Participants had an average of 2.4 ± 1.3 lipedema reduction surgeries. The maximum reported by a participant was 6 procedures. While the names of the surgeons remained anonymous in this survey, most liposuction reduction surgery procedures were performed by a plastic or cosmetic surgeon (63%), with the second largest group performed by dermatologists (13.5%) and the third by vascular surgeons (11.5%), all with expertise in lipedema. As part of lipedema reduction surgery, tumescent (61%) or WAL technique (38%) was used; 3 had other procedures.
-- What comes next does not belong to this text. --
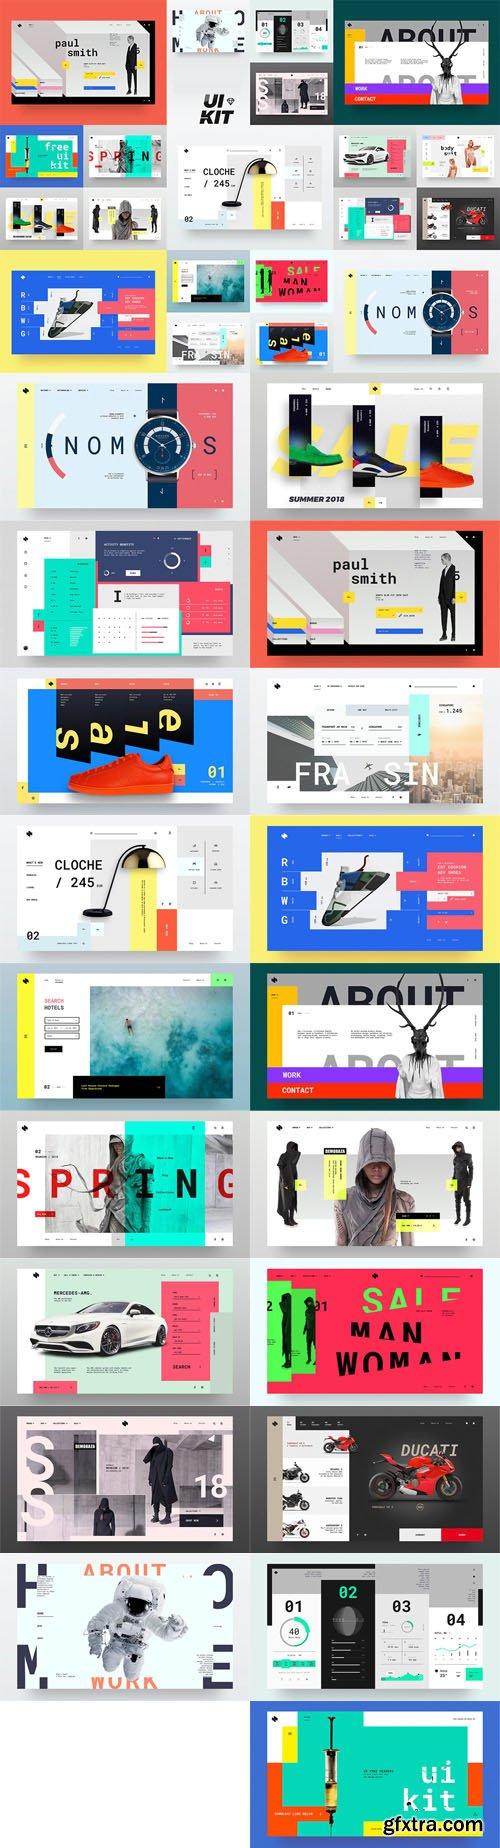 HeaderZ UI Kit Design SKETCH Templates

The average number of days after a surgery that subjects completed the questionnaire was 601 ± 1178 days.
PHYSICAL IMPACT OF LIPEDEMA REDUCTION SURGERY PROCEDURE(S)
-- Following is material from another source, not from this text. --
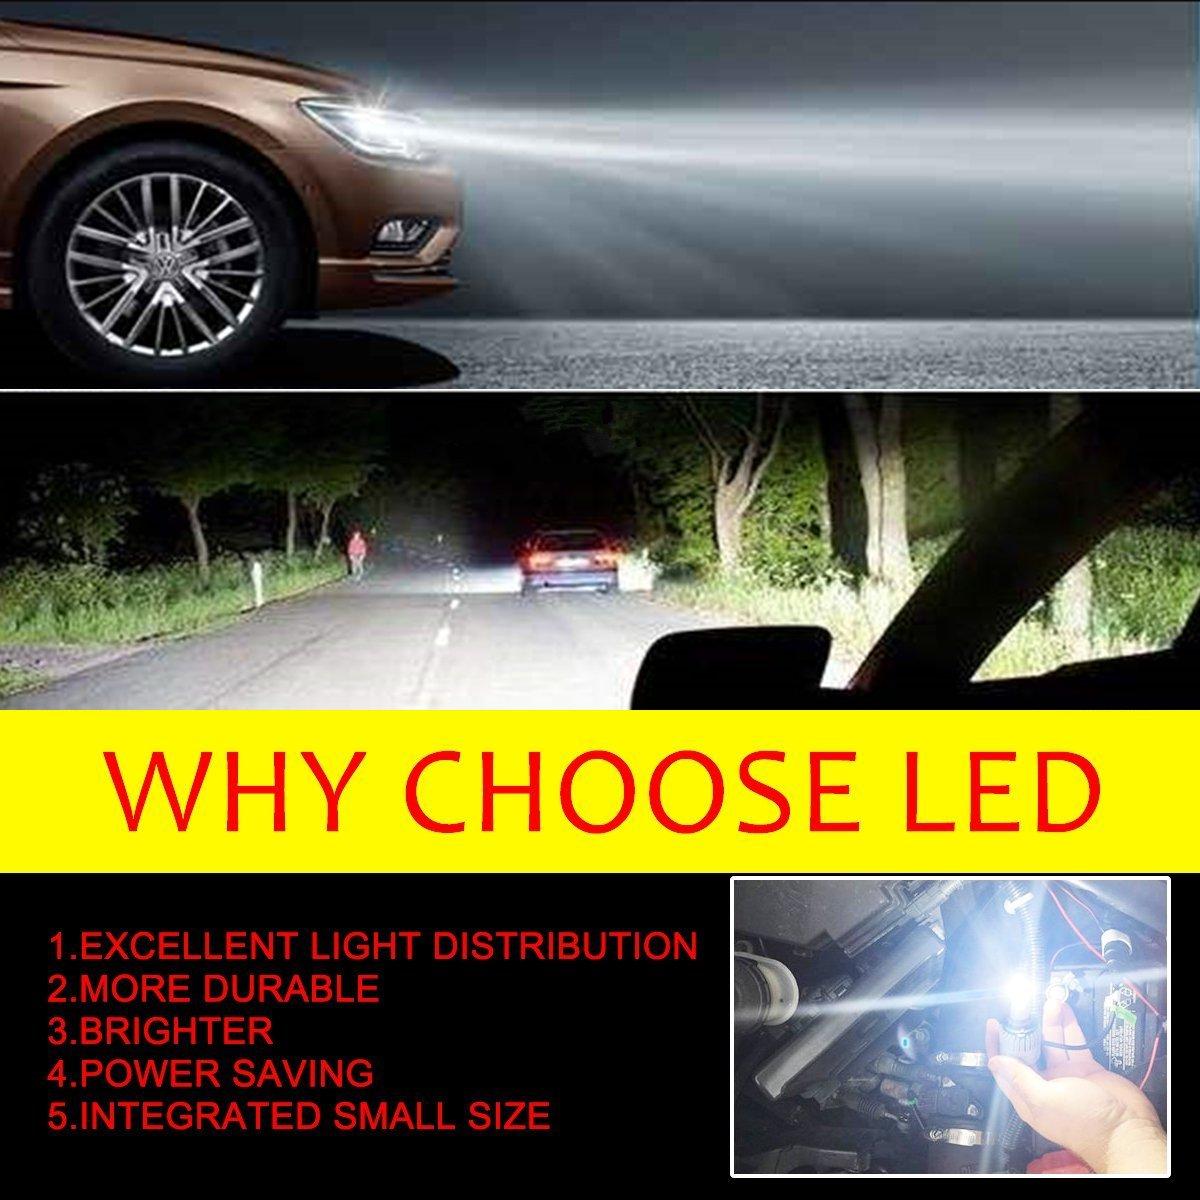 Amazon.com: H7 LED Headlight Bulbs, SWATOW INDUSTRIES H7 Headlight Kits Osram COB 10,000lm 6000K Cool White 2PCS - 2 Year Warranty: Automotive

LCT Pre- and Postlipedema Reduction Surgery
Participants were asked to self-assess areas where they lost lipedema tissue after lipedema reduction surgery. The largest decreases were noted by 44% under the knees, 38% in the ankle cuff, 37% in inner knee fat, and 23% in lower arm fat. Of the 108 women who could not wear boots on their legs before surgery, 71 were able to wear boots postprocedure (66%).
Clothing Size
Dress size significantly decreased 2 sizes (n = 133), pant size significantly decreased 3 sizes (n = 141), and shirt size significantly decreased 1 size (n = 140) after lipedema reduction surgery (Fig. 3).
Swelling and Compression
Swelling of LCT was reported by 117 participants before lipedema reduction surgery; 36% stated this swelling resolved after lipedema reduction surgery. Just over half (58%) reported acute swelling postprocedure, which resolved. Almost all women (96 ± 0.2%) used compression garments after surgery, a 33% increase from prelipedema reduction surgery (62 ± 0.5%). About 30% of women without lymphedema were able to stop wearing compression garments within 3 months after their procedure as they no longer felt the need to wear compression or were no longer required to or both.
Pain
A majority of participants (89%) reported pain in their lipedema LCT before lipedema reduction surgery; 86% of these participants reported pain reduction after lipedema reduction surgery (P = 0.018; Fig. 5).
Bruising
Easy bruising was reported by 90 ± 30% before lipedema reduction surgery, which decreased to 43 ± 50% postsurgery (P < 0.0001).
Mobility
Participants were asked how lipedema affected walking/mobility; respondents could list more than 1 factor. A majority (81%) of 148 respondents reported walking was negatively affected by lipedema due to increased LCT on the inner knees (72%) or thighs (62%), leg pain (60%), knee arthritis (41%), and/or muscle weakness (36%). Walking improved after lipedema reduction surgery (Fig. 4). In order of benefit, walking improved for women with Stage 3 (96 ± 20%), Stage 2 (88 ± 33%), lipolymphedema (79 ± 43%), and Stage 1 lipedema (33 ± 58%). Most women (82%) were able to return to their regular activities in 1 month or less after surgery. An estimated 11% of women took more than 6 weeks to recover.
Quality of Life
A majority of participants felt their quality of life improved after lipedema reduction surgery (Fig. 4). In addition, 67 ± 47% felt stronger postprocedure, and 74.7 ± 43.6% indicated they were able to be more physically active postsurgery. When asked about their day-to-day energy levels, 61% indicated their energy level was improved, 30% indicated no change, and 7% felt their energy level was worse after their procedure. Success of the lipedema reduction surgery procedure(s) on a scale of 0 = worst, 50 = same and 100 = best was similar for all stages, with an overall average rating of 72 ± 24.
Weight Loss
Almost two thirds of participants reported weight loss after lipedema reduction surgery (Fig. 4); 54% lost weight within the first 3 months. Weight loss was reported secondary to the procedure in 68% with the remainder noting weight loss from increased physical activity and/or change in diet.
Stage Reversal
About half of the participants felt their lipedema reversed (Fig. 4) by 1 stage (35%) or 2 stages (16%). Of all participants, 11% experienced a total reversal of their lipedema to the point they found no evidence of the disease after lipedema reduction surgery.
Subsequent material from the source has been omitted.